If you read this blog or you've read my book, you already know that I have a keen interest in the mystical, in altered perceptions. So it won't come as a shock to you that a tiger started visiting me during sivasana (corpse pose) at the end of sweaty yoga classes. Will it surprise you that he told me his name was Solomon, that he was my protector and that I'd better take myself seriously as a writer or he would kick my ass?
Solomon visited me after every yoga class for months. He was the one who put the idea in my head to get a tattoo of HIM. I had always wanted one, but never found a symbol that I wanted on my body forever. This is serious stuff. My husband has two on his back, and my BFF has one on her back and one on her ankle. My dear friend who is both a Wiccan and an Interfaith Minister has many all over her body. (I'll call her DF)
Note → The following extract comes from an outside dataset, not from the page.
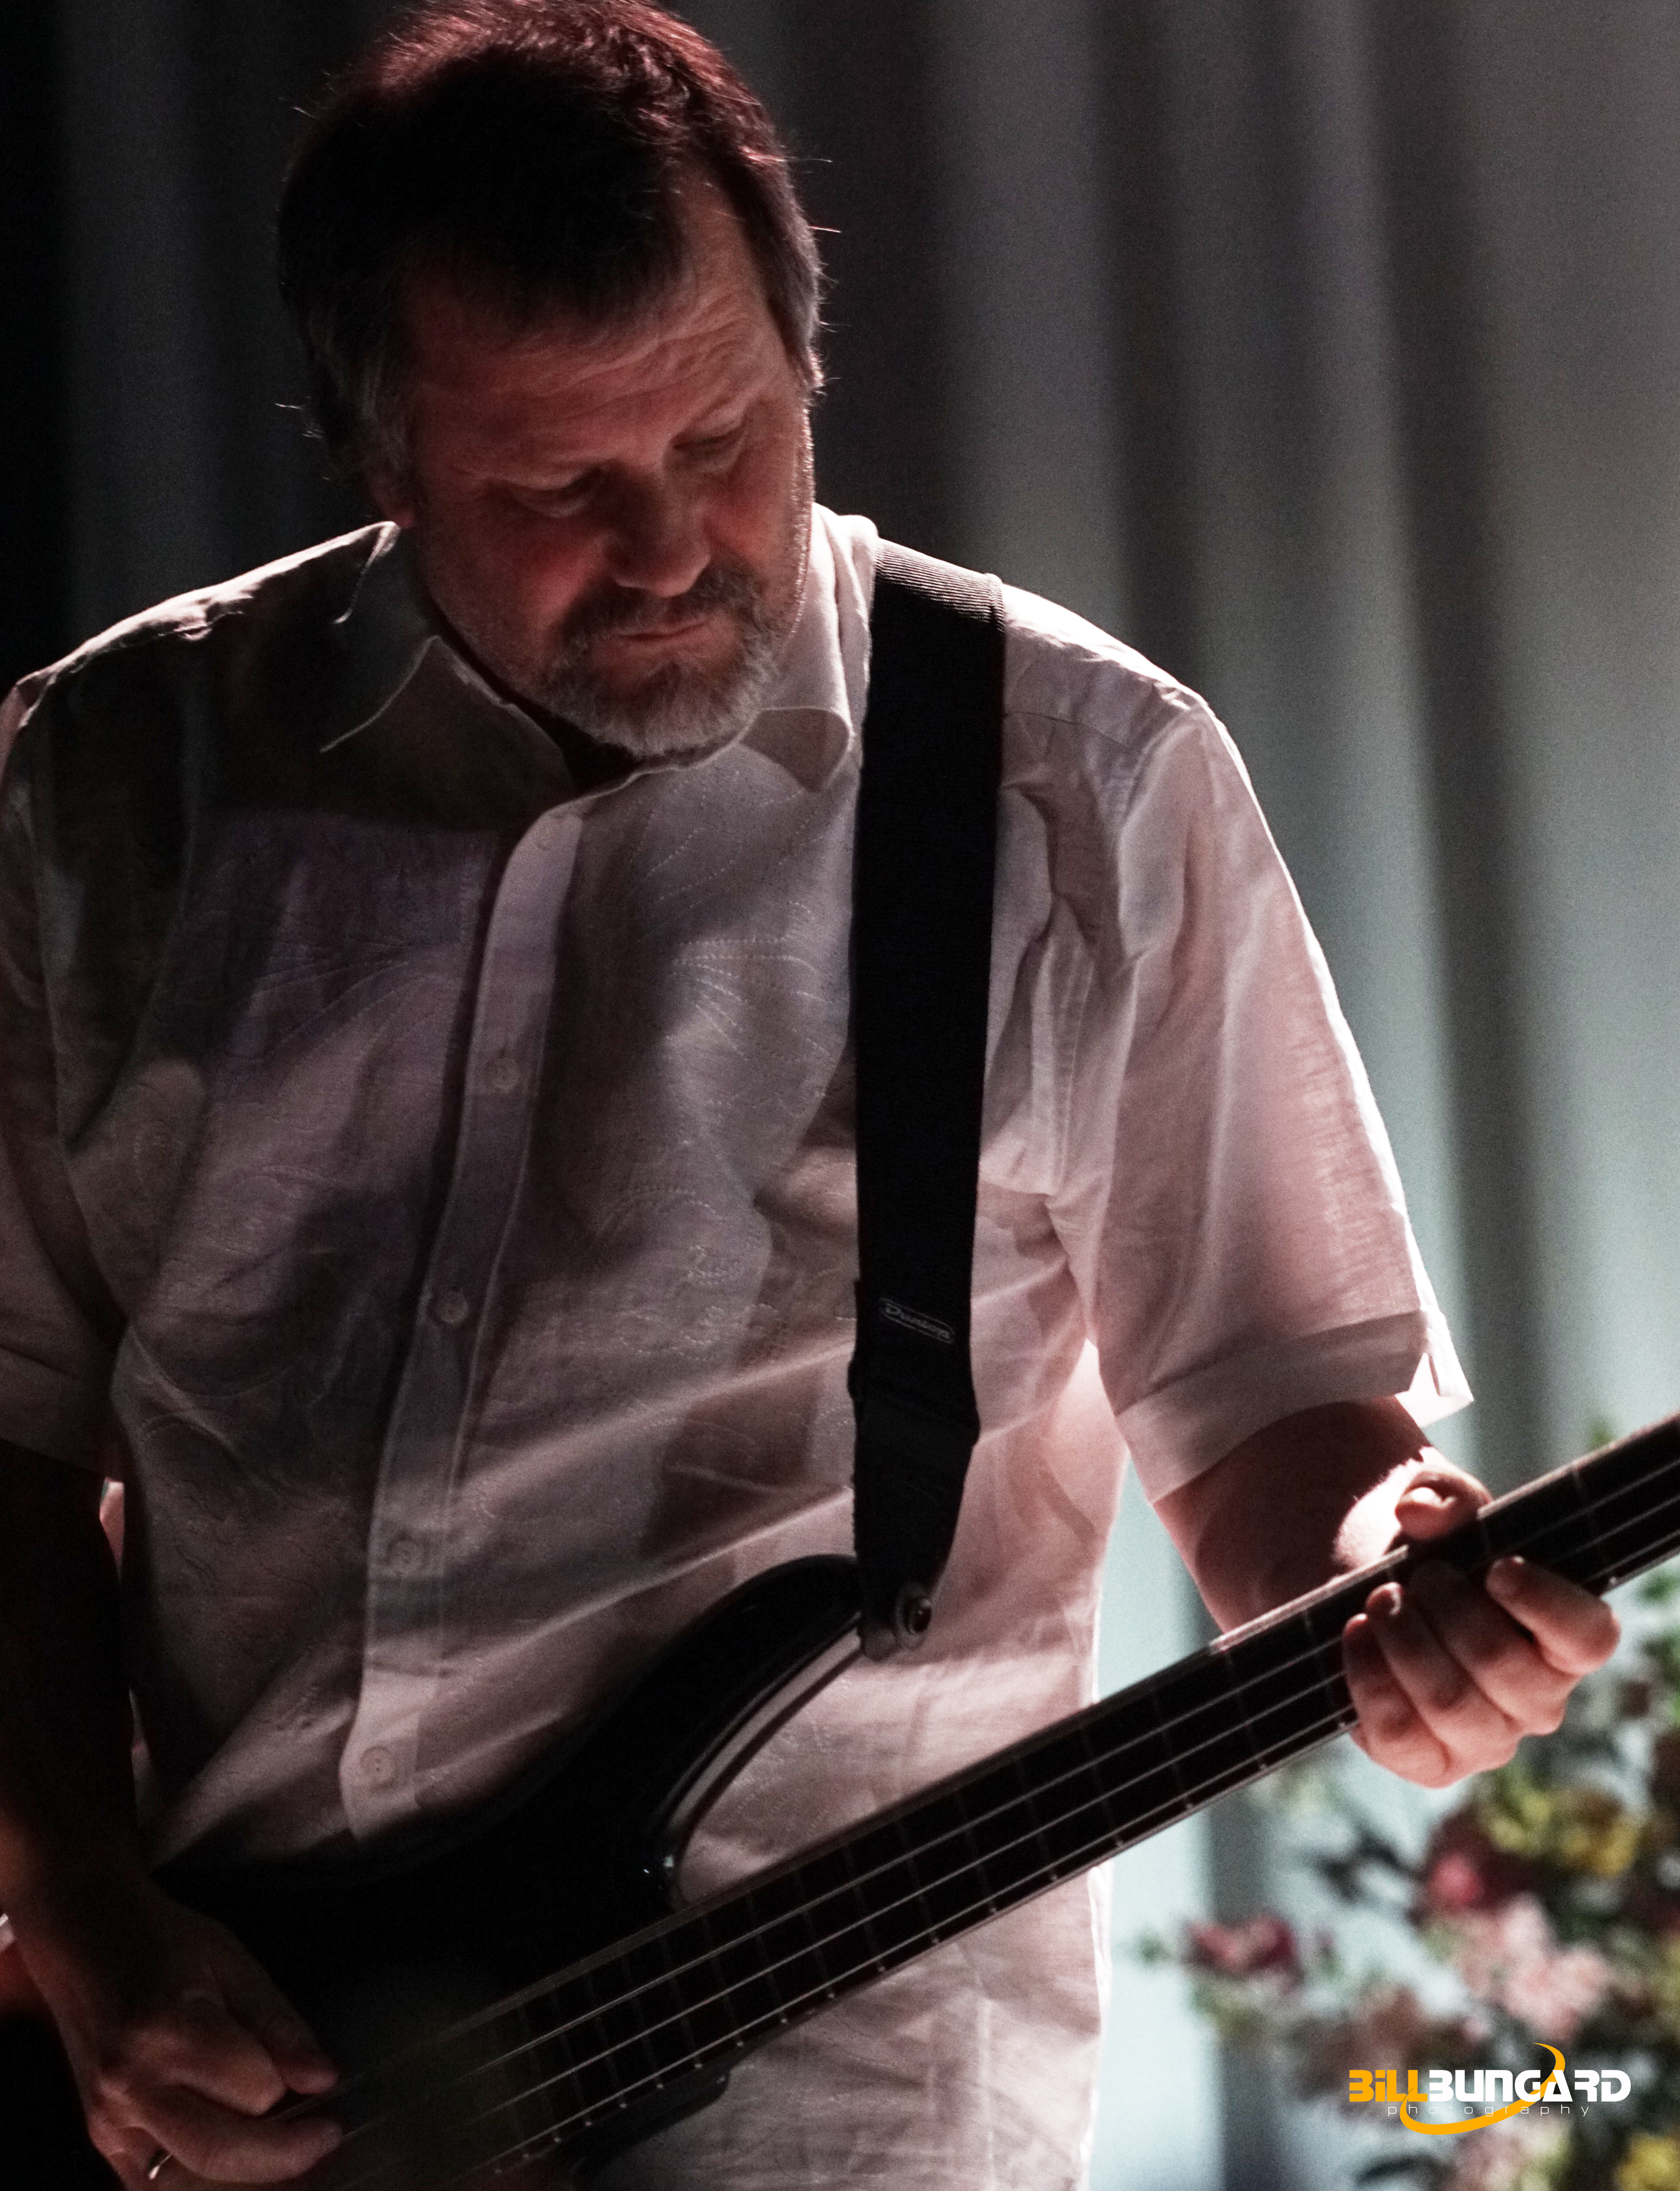 Billy Gould of Faith No More at The Paramount (Photo by Bill Bungard)

I needed to incorporate the spirit of the tiger into my being. On my birthday, my BFF and my DF took me to the home of a woman tattoo artist in Jersey City, and we created Solomon together. I told the artist about him as she sketched him. (Not TOO intimidating, not TOO fierce). We lit candles and Ohmmmed like good yogis, and my DF drummed, while my BFF squeezed my hand. It was painful yes, but a beautiful experience, almost like giving birth to another part of myself.
I wrote, I doubted, and Solomon pushed against me. I still write, and I still doubt, but I have the sense memory of that push. That's right - Solomon rarely comes unbidden anymore. And I forget about my tattoo - after all, I can't see it. But since when is seeing believing, hmmm?
Do any of you have tattoos, or stories about tattoos? Does the whole idea turn your stomach? Are you fascinated, but haven't found the right totem?
And I can't end this post without a shout out to Mick Jagger and The Rolling Stones for the title of this post. Their album, Tattoo You, came out when I was in 8th grade, of which I was a proud owner.